7. Management Board’s presentation on the tariffs dispute
Shareholders, whose shareholding represents at least 1/20 of the share capital, may request for additional items to be added to the agenda of the General Meeting, if the respective request is submitted in writing at least 15 days prior to the General Meeting, i.e. by 6th May 2012 at the latest. Shareholders, whose shareholding represents at least 1/20 of the share capital, may submit their draft resolutions to each agenda item, incl. additional agenda items in writing up to 3 days before the General Meeting, i.e. by the close of business (17.00, GMT+2) on 18th May 2012 at the latest. The process of exercising these rights is published in more detail on AS Tallinna Vesi’s website at www.tallinnavesi.ee, where the draft resolutions and explanations submitted by the shareholders will also be published after their receipt.

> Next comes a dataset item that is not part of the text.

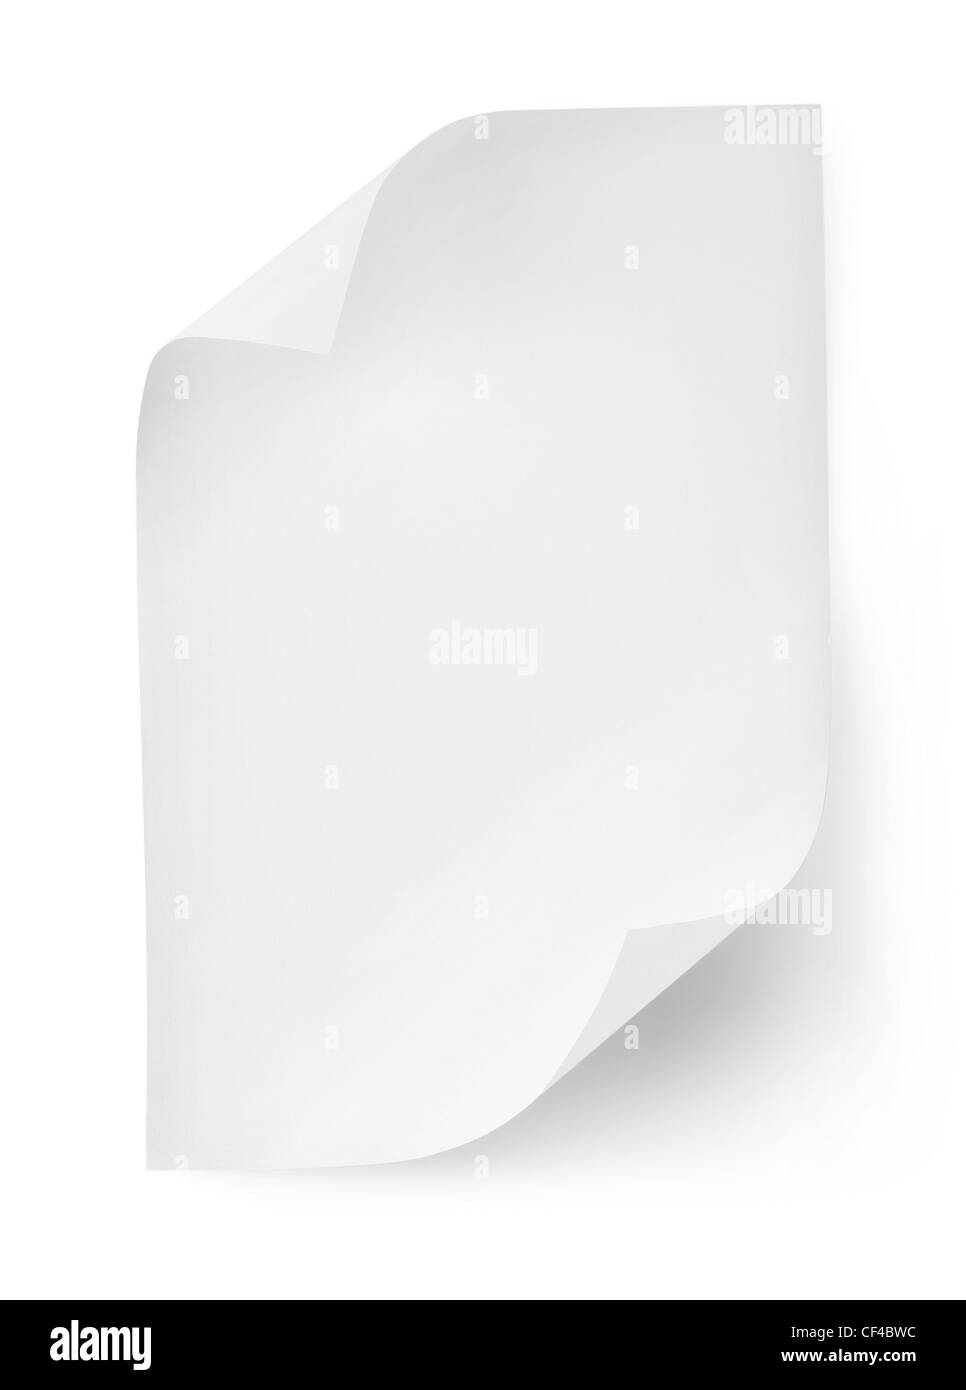 Feuille de papier blanc isolé sur fond blanc. Clipping path Banque D'Images

After the agenda items of the General Meeting have been exhausted, including any additional items, the shareholders may inquire about the Company’s activities from the Management Board of AS Tallinna Vesi according to the procedure published on the Company’s website at www.tallinnavesi.ee.

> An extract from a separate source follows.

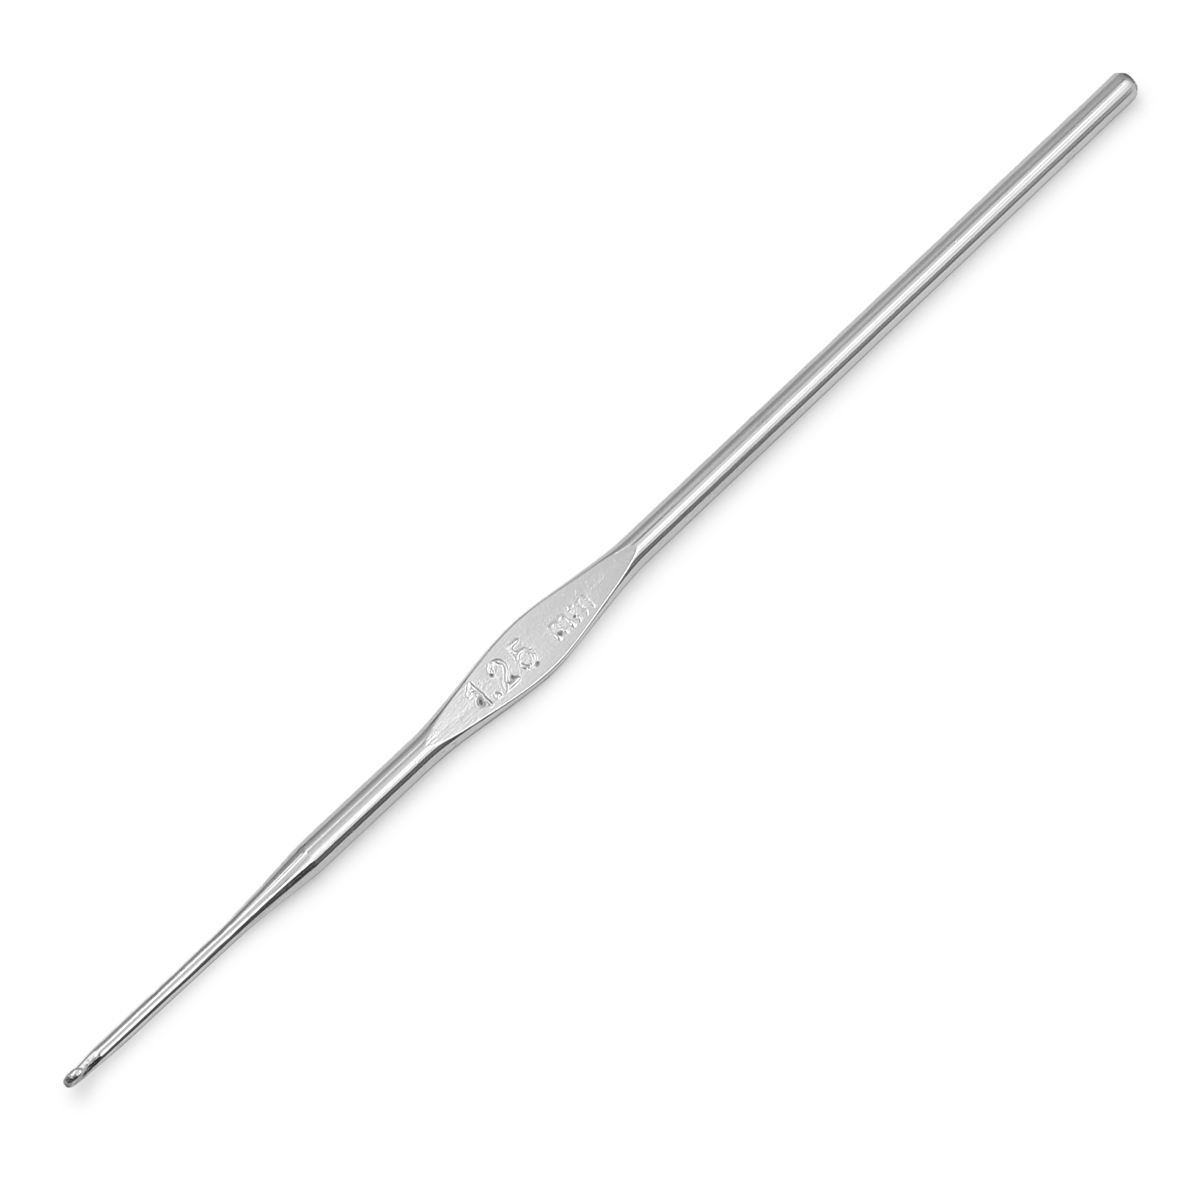 Крючок для вязания Steel 1,25мм, сталь, серебро, KnitPro

Background information regarding the agenda, the 2011 Annual Report of AS Tallinna Vesi, the Council report, the auditor’s report, the dividends’ proposal, the principles of remuneration of the auditor, the proposals for resolutions, as well as reasoning for additional agenda items together with the proposals submitted by shareholders for resolution, other documents submitted for the General Meeting in accordance with the law, and other important data regarding the agenda, incl. data regarding Council member candidates and auditor’s candidate are available on AS Tallinna Vesi’s website at www.tallinnavesi.ee, where you will also find an overview of documents that the shareholders or their representatives are required to take along in order to be able to participate at the General Meeting (whether in person or by proxy).

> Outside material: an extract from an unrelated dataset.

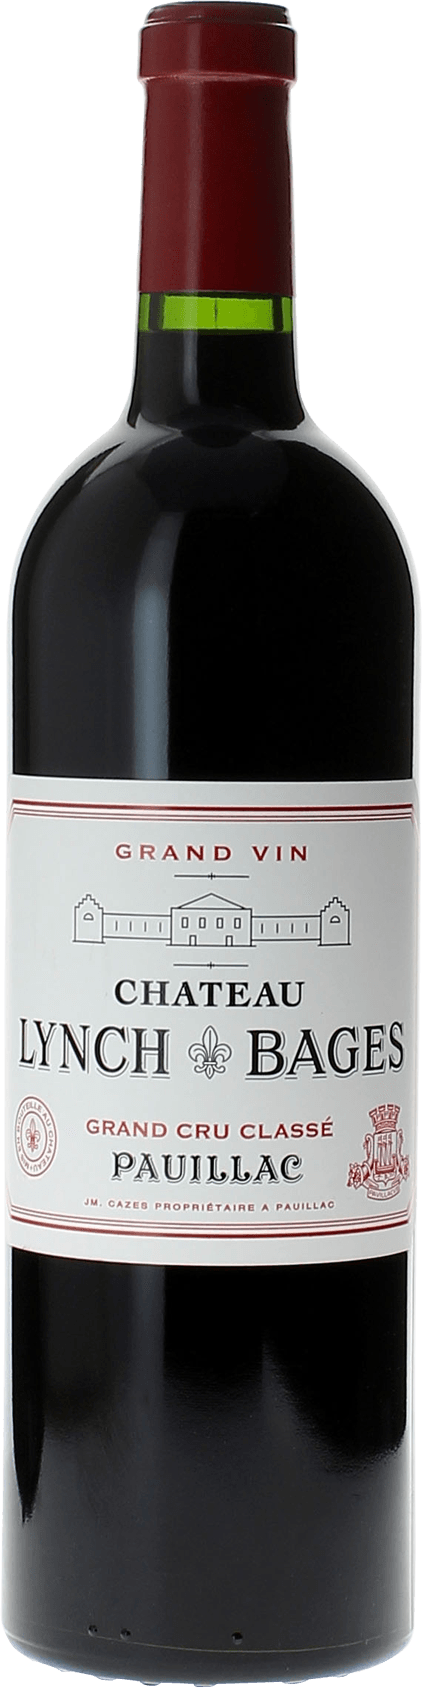 Lynch bages 1995 5 me Grand cru class Pauillac, Bordeaux rouge

The 2011 Annual Report of AS Tallinna Vesi, Council Report and the auditor’s report are also available for review on the website of NASDAQ OMX Tallinn Stock Exchange http://www.nasdaqomxbaltic.com/.
In case you have any questions regarding the Annual General Meeting of shareholders or the agenda items, please contact our Head of Communications, Ms Mariliis Mia Topp via e-mail email@example.com or telephone +372 62 62 275. The questions, answers and the minutes of the General Meeting shall be published on the Company’s website. Written notices of appointing shareholder representatives or of withdrawing authorizations of representatives can also be sent to the above e-mail address until the business day preceding the date of General Meeting, on 21st May 2012 at the latest.
Shareholder representatives are kindly asked to bring along a valid identification document and a valid written power-of-attorney. In the case of corporate entities we request you also bring a valid copy of your registry card. Each document issued by a foreign country’s official must be either legalized or authenticated with a document certificate apostille and preferably translated into Estonian. Should the shareholder require a power-of-attorney for its representative, a proxy form is available at AS Tallinna Vesi’s website under the section “Identification documents required for attending the General Meeting”.
The shareholders’ right to vote at the General Meeting will be determined on the basis of the share ledger as at 23.59 (GMT+2) on 15th May 2012.